GpioDataRegs.GPBSET.bit.GPIO34 = 1; // pull high
b = a * (a + (float)1) - (a * a - (float)1);
b += a * (a + (float)2) - (a * a - (float)2);
b += a * (a + (float)3) - (a * a - (float)3);
b += a * (a + (float)4) - (a * a - (float)4);
b += a * (a + (float)5) - (a * a - (float)5);
b += a * (a + (float)6) - (a * a - (float)6);

GpioDataRegs.GPBCLEAR.bit.GPIO34 = 1; // pull low

Scenario 3: Data types of (a, c, d, e, f, g) and b are unsigned integers, it takes 34us.

uint16_t a, b, c, d, e, f, g; // a, c, d, e, f, g is a random variable

GpioDataRegs.GPBSET.bit.GPIO34 = 1; // pull high
b = a * (g + 1) - (e * f - 1);
b += g * (a + 2) - (f * e - 2);
b += c * (d + 3) - (g * d - 3);
b += d * (e + 4) - (c * c - 4);
b += e * (f + 5) - (a * g - 5);
b += f * (a + 6) - (d * a - 6);

GpioDataRegs.GPBCLEAR.bit.GPIO34 = 1; // pull low

Scenario 4: Data types of (a, c, d, e, f, g) and b are floating, it takes 0.6us.

float a, b, c, d, e, f, g; // a, c, d, e, f, g is a random variable

GpioDataRegs.GPBSET.bit.GPIO34 = 1; // pull high
b = a * (g + (float)1) - (e * f - (float)1);
b += g * (a + (float)2) - (f * e - (float)2);
b += c * (d + (float)3) - (g * d - (float)3);
b += d * (e + (float)4) - (c * c - (float)4);
b += e * (f + (float)5) - (a * g - (float)5);
b += f * (a + (float)6) - (d * a - (float)6);

GpioDataRegs.GPBCLEAR.bit.GPIO34 = 1; // pull low

Scenario 5: Data types of (a, c, d, e, f, g) and b are unsigned integers and floating, respectively, it takes 0.86us.

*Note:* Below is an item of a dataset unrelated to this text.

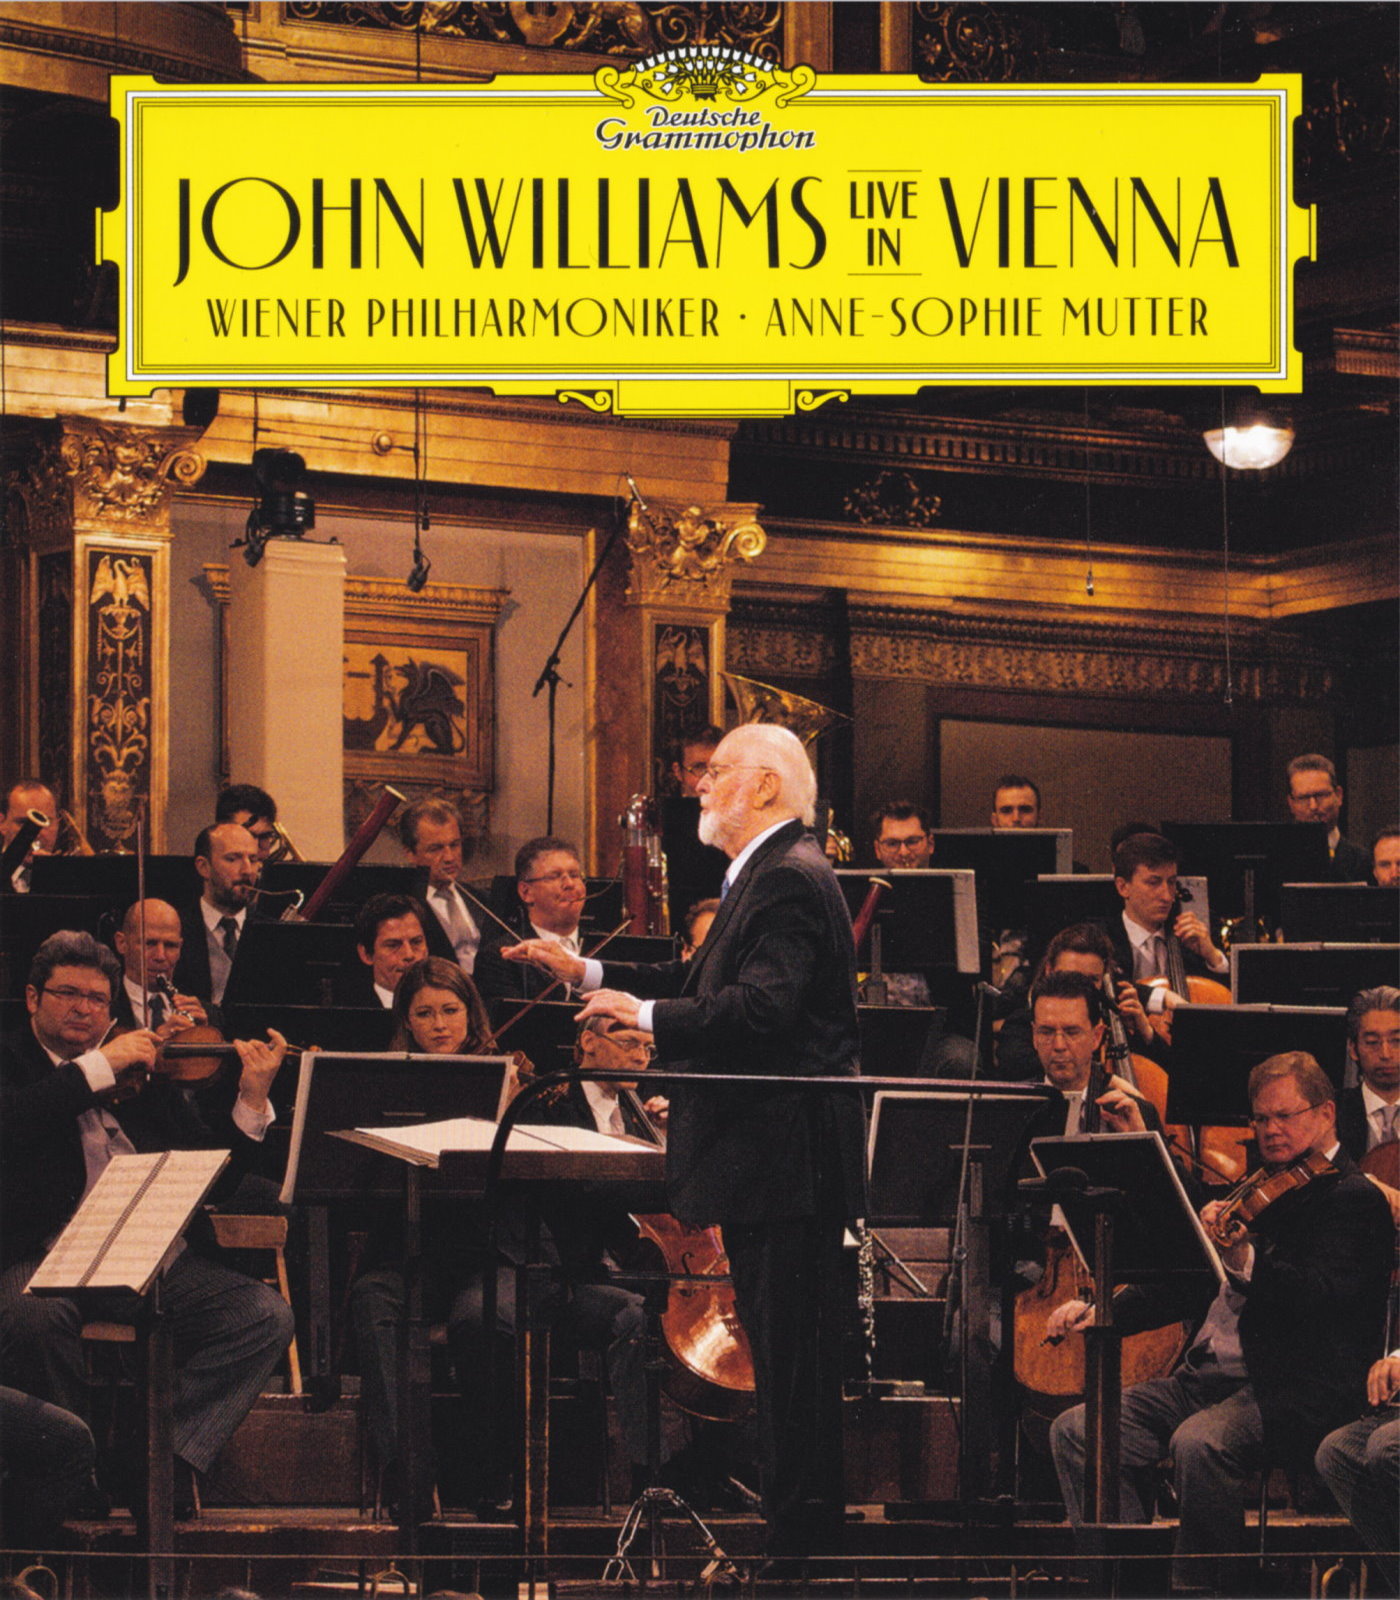 Cover - John Williams - Live in Vienna.jpg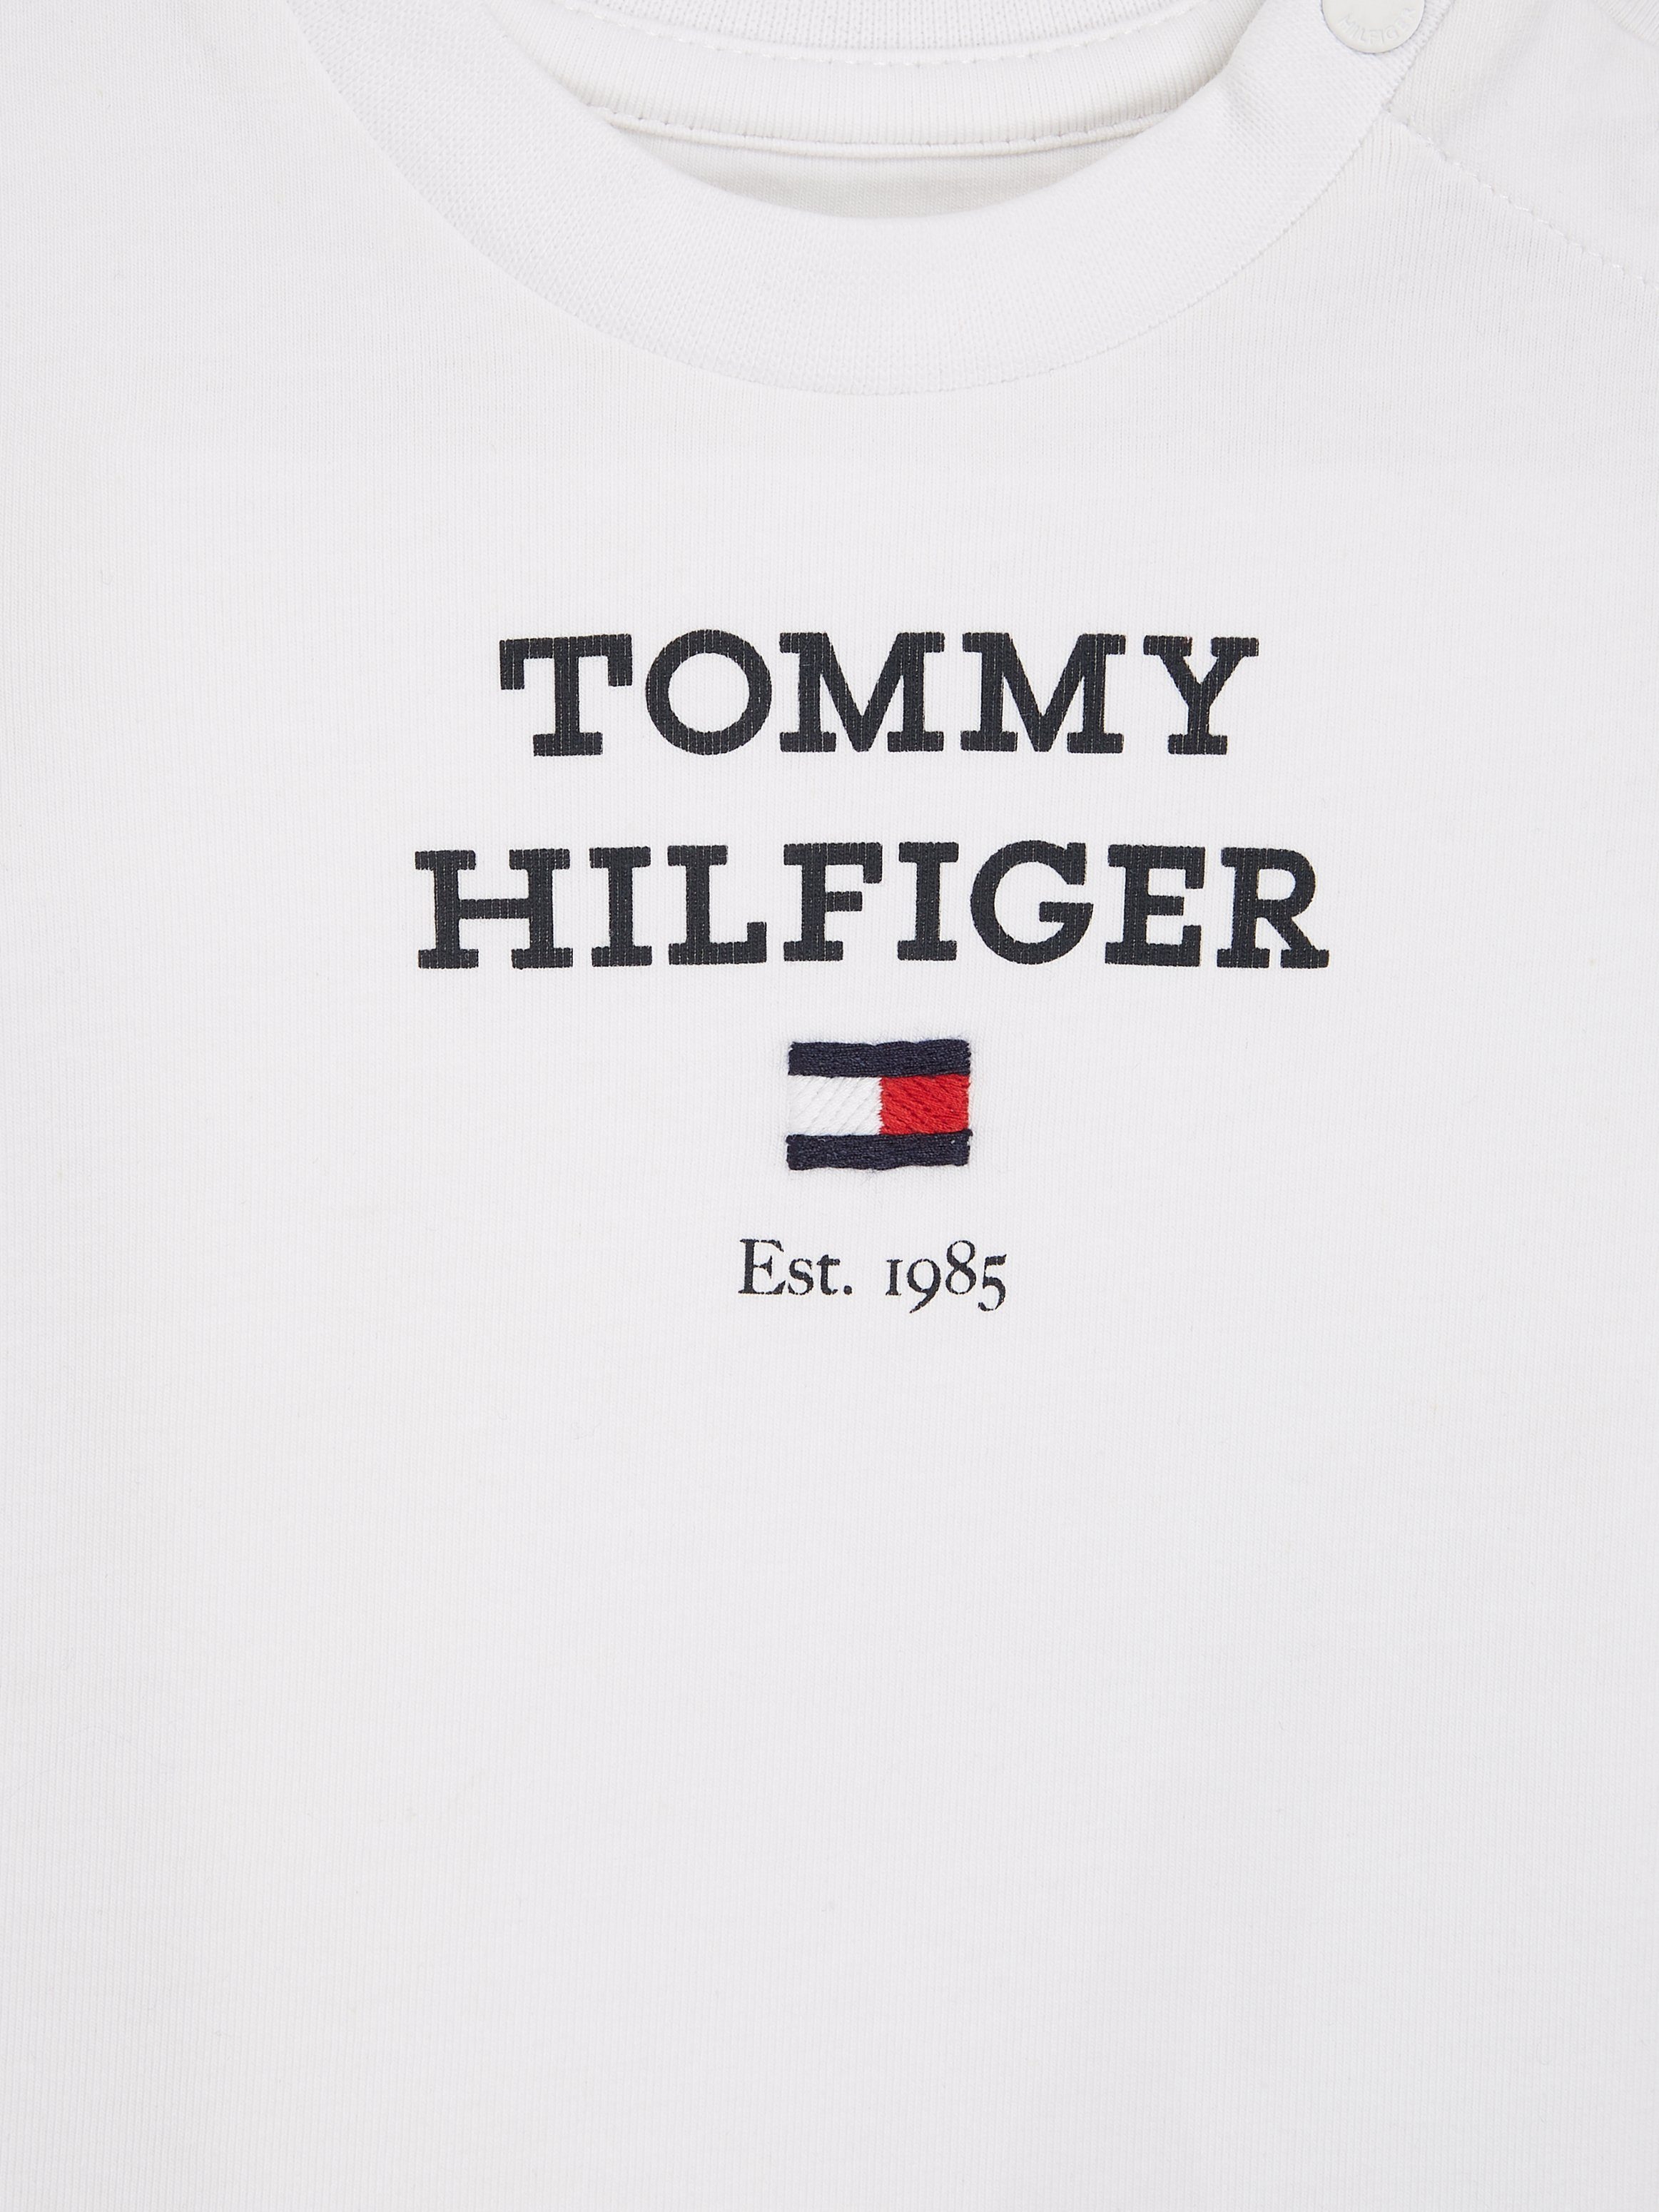 S/S T-Shirt BABY LOGO TH mit Tommy großem White Hilfiger Logo TEE

uint16_t a, c, d, e, f, g; // a, c, d, e, f, g is a random variable

float b;

GpioDataRegs.GPBSET.bit.GPIO34 = 1; // pull high
b = (float)a * ((float)g + (float)1) - ((float)e * (float)f - (float)1);
b += (float)g * ((float)a + (float)2) - ((float)f * (float)e - (float)2);
b += (float)c * ((float)d + (float)3) - ((float)g * (float)d - (float)3);
b += (float)d * ((float)e + (float)4) - ((float)c * (float)c - (float)4);
b += (float)e * ((float)f + (float)5) - ((float)a * (float)g - (float)5);
b += (float)f * ((float)a + (float)6) - ((float)d * (float)a - (float)6);

GpioDataRegs.GPBCLEAR.bit.GPIO34 = 1; // pull low

Best Regards,

C.C, Liu

over 3 years ago

0 Veena Kamath over 3 years ago

TI__Mastermind 32425 points

Hi,

Have you looked at the generated assembly code? You can view that be enabling the --keep_am compile flag in the CCS project.

Regards,

Veena

0 Chen-Chih Liu over 3 years ago in reply to Veena Kamath

Intellectual 310 points

Hi,

Yes, we have checked the assembly code. We are not familiar with the mechanism of this compiler, so we want to ask experts directly.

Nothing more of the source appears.